This is not an emergency. I repeat, not an emergency.
After a lengthy string of collaborations with brands like AG Jeans and Marks & Spencer, Alexa Chung’s hotly anticipated ready-to-wear collection is finally upon us. Anointed fashion’s “it girl” by Chanel’s Karl Lagerfeld, Chung’s ultra-feminine rock and roll hybrid style has become synonymous with an era of inspired style.
Chung launched her eponymous label ALEXACHUNG at dusk in the corner of London’s quintessentially British Regent’s Park. Guests arrived in the leafy grounds of the Danish Church of Saint Catherine, to be greeted under a carpeted marquee in the flower-strewn garden by refreshing Pimm’s, champagne and wood-fire oven pizzas.
Amongst the cluster of guests were Chung’s peers and close friends Molly Goddard, Henry Holland, Daisy Lowe and Pixie Geldof, accompanied by a hierarchy of fashion press including Net-a-Porter’s Dame Natalie Massenet and Business of Fashion’s Imran Amed.
Lending a cheerful tone to proceedings, the show’s romantic soundtrack was provided by the encapsulating Capital Children’s Choir. As a soulful rendition of ‘Good Vibrations’ by The Beach Boys reverberated around the church, the show began.
The inaugural summer collection featured masculine silhouettes merged together with ultra-feminine tiered ruffle dresses in ditzy floral prints, almost conveying Alexa Chung’s own perception of how Alexa Chung should dress.
The opening look featured a popped collar peeping over a sweater that read ‘Screw You’, printed in a quirky font heavily inspired by close friend’s Tennessee Williams’ Deep End Club, an activist platform in Chung’s adopted home of New York.
Incorporating effortless, elegant tailoring and classic silhouettes, transfused with racy rock and roll designs, the inspiration behind the collection was evident. An ode to the eclectic array of rock icons that Chung’s own compelling style has been heavily inspired by.
The evening saw David Hockney inspired knitwear, accompanied by leather dresses reminiscent of Marianne Faithfull’s infamous appearance in Jack Cardiff’s seminal 1960s film ‘The Girl on a Motorcycle’. Trench coats and gently flared trousers were aplenty, effortlessly channelling a young Francoise Hardy.
A pinstripe Brighton-rock suit in red and pink hues acted as an ode to the late Brian Jones. Whilst an ice-blue tailored jacket and trousers lent a subtle nod to David Bowie. “Music has had a huge influence on my work,” Chung notes. “I don’t think I’ll ever stop finding musical magicians compelling”.

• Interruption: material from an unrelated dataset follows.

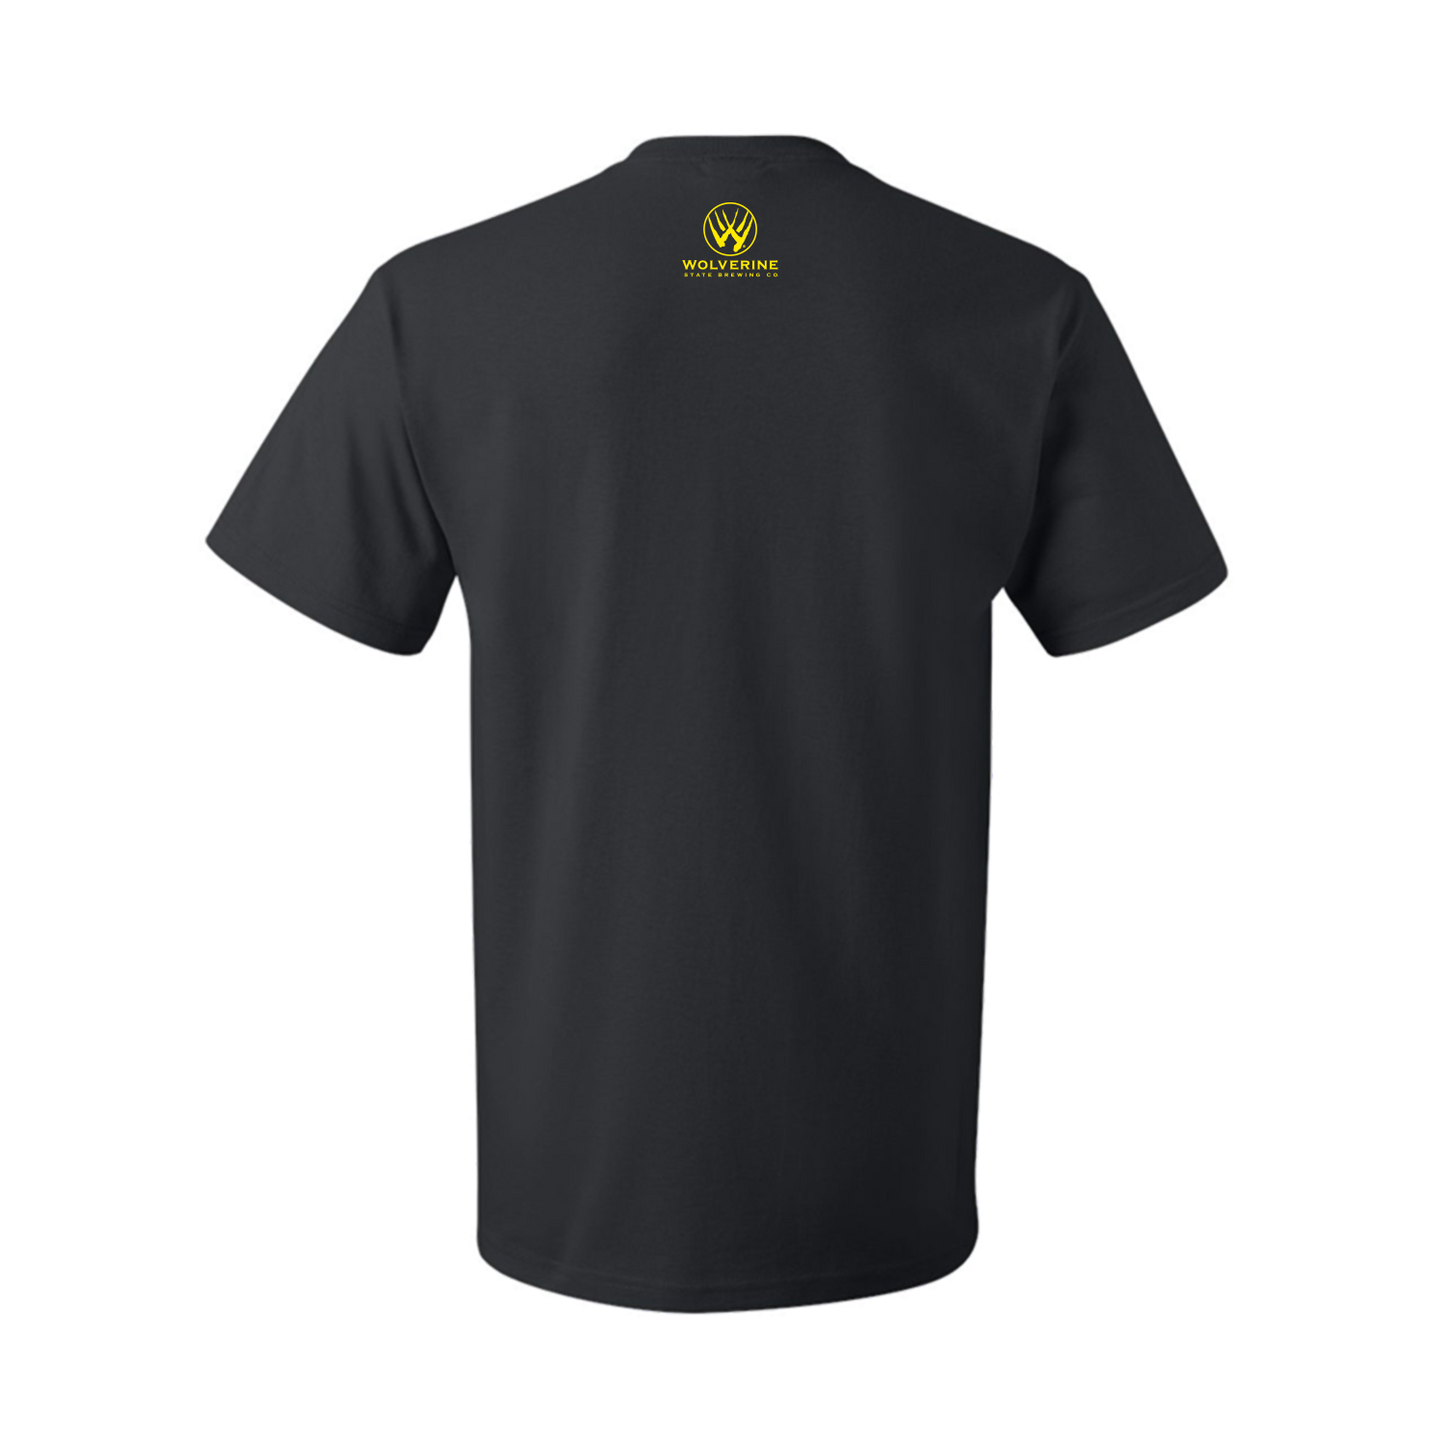 Black Unisex T-shirt with Small Yellow Wolverine Logo on Back Tag
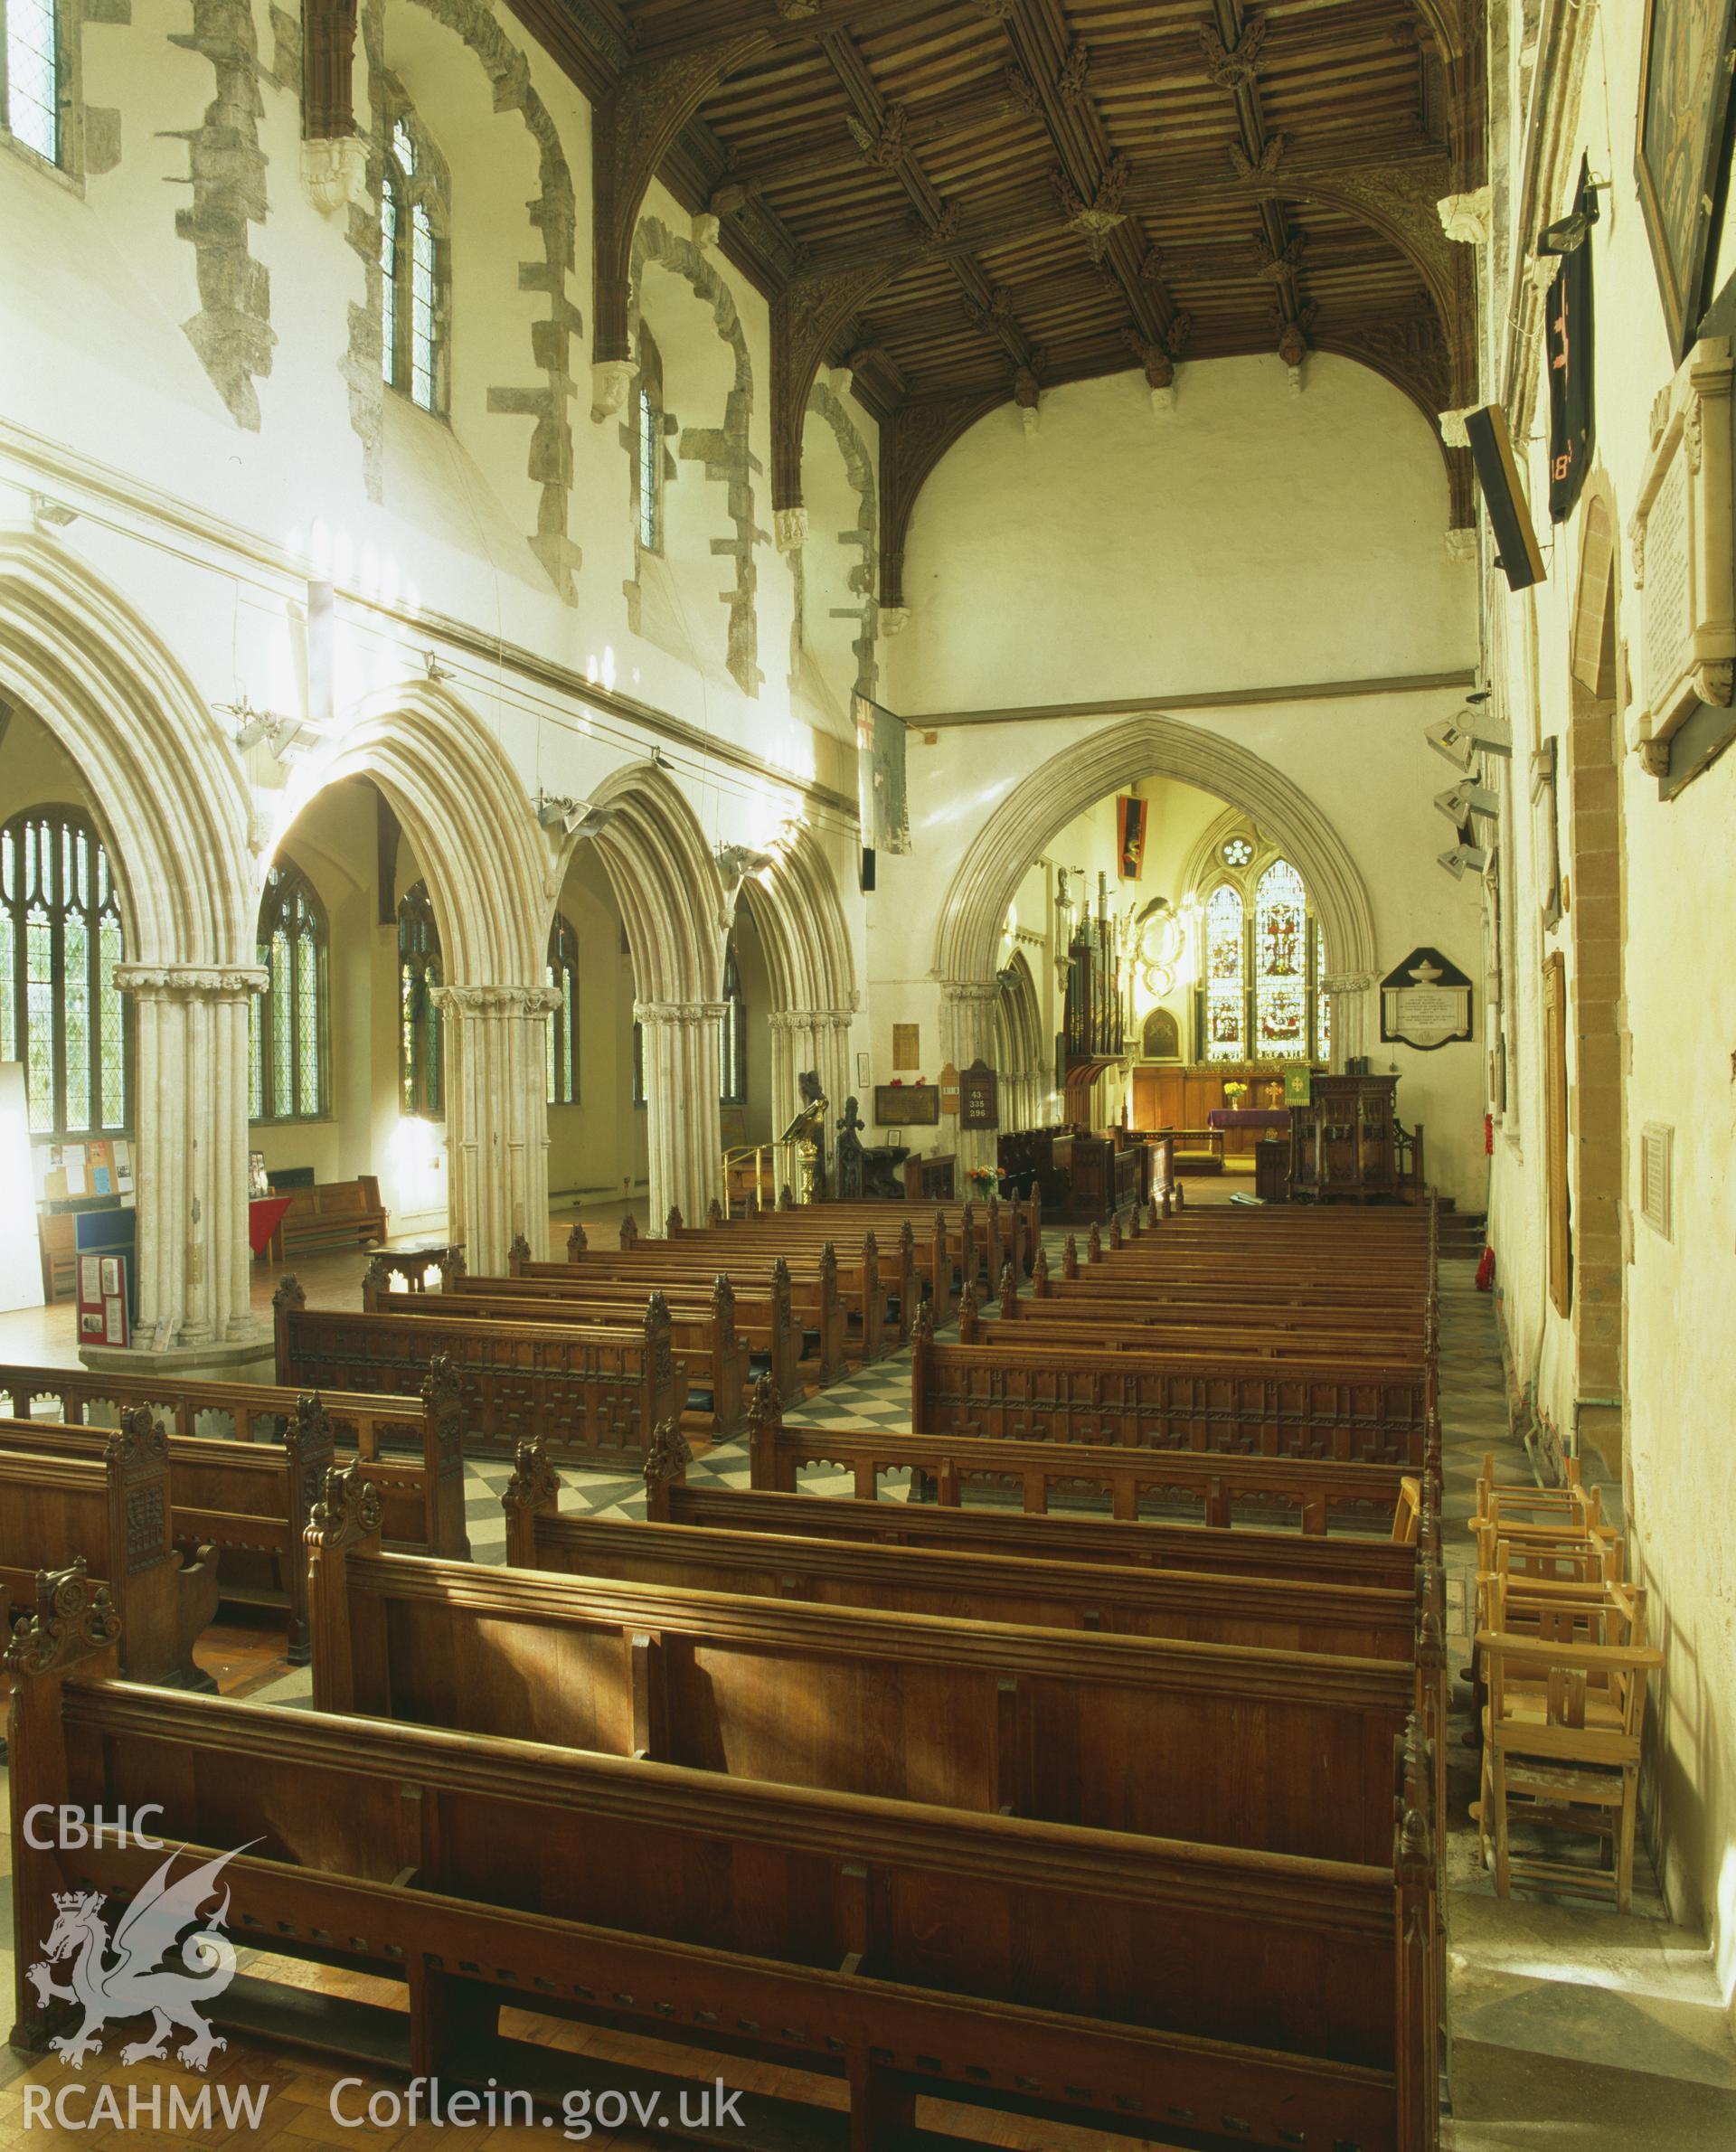 RCAHMW colour transparency showing interior view of St Marys Church, Haverfordwest, taken by Iain Wright, 2003.

As the finale dawned, the intimate audience were showered with delicate pink petal confetti as Chung swooped down the aisle to collectively gather her audience outside. Guests congregated outside of the church in front of a vintage Mercedes convertible adorned in a white wedding ribbon, evoking an encapsulating feel of the quintessentially English summer wedding.
The unique show itself acted as a harmonious marriage (a union of sorts). The intimate audience witnessed the entwinement of Alexa Chung, the irrefutable style icon and ALEXACHUNG, the eponymous line. Quintessentially Alexa Chung, Chung’s debut collection is only the start of marvellous things to come.
Alexa Chung’s debut collection of clothing, shoes and jewellery includes 145 pieces and is now on sale at 55 retailers, amongst them are Net-a-Porter, Matches and Selfridges. Prices range from £85-£1500.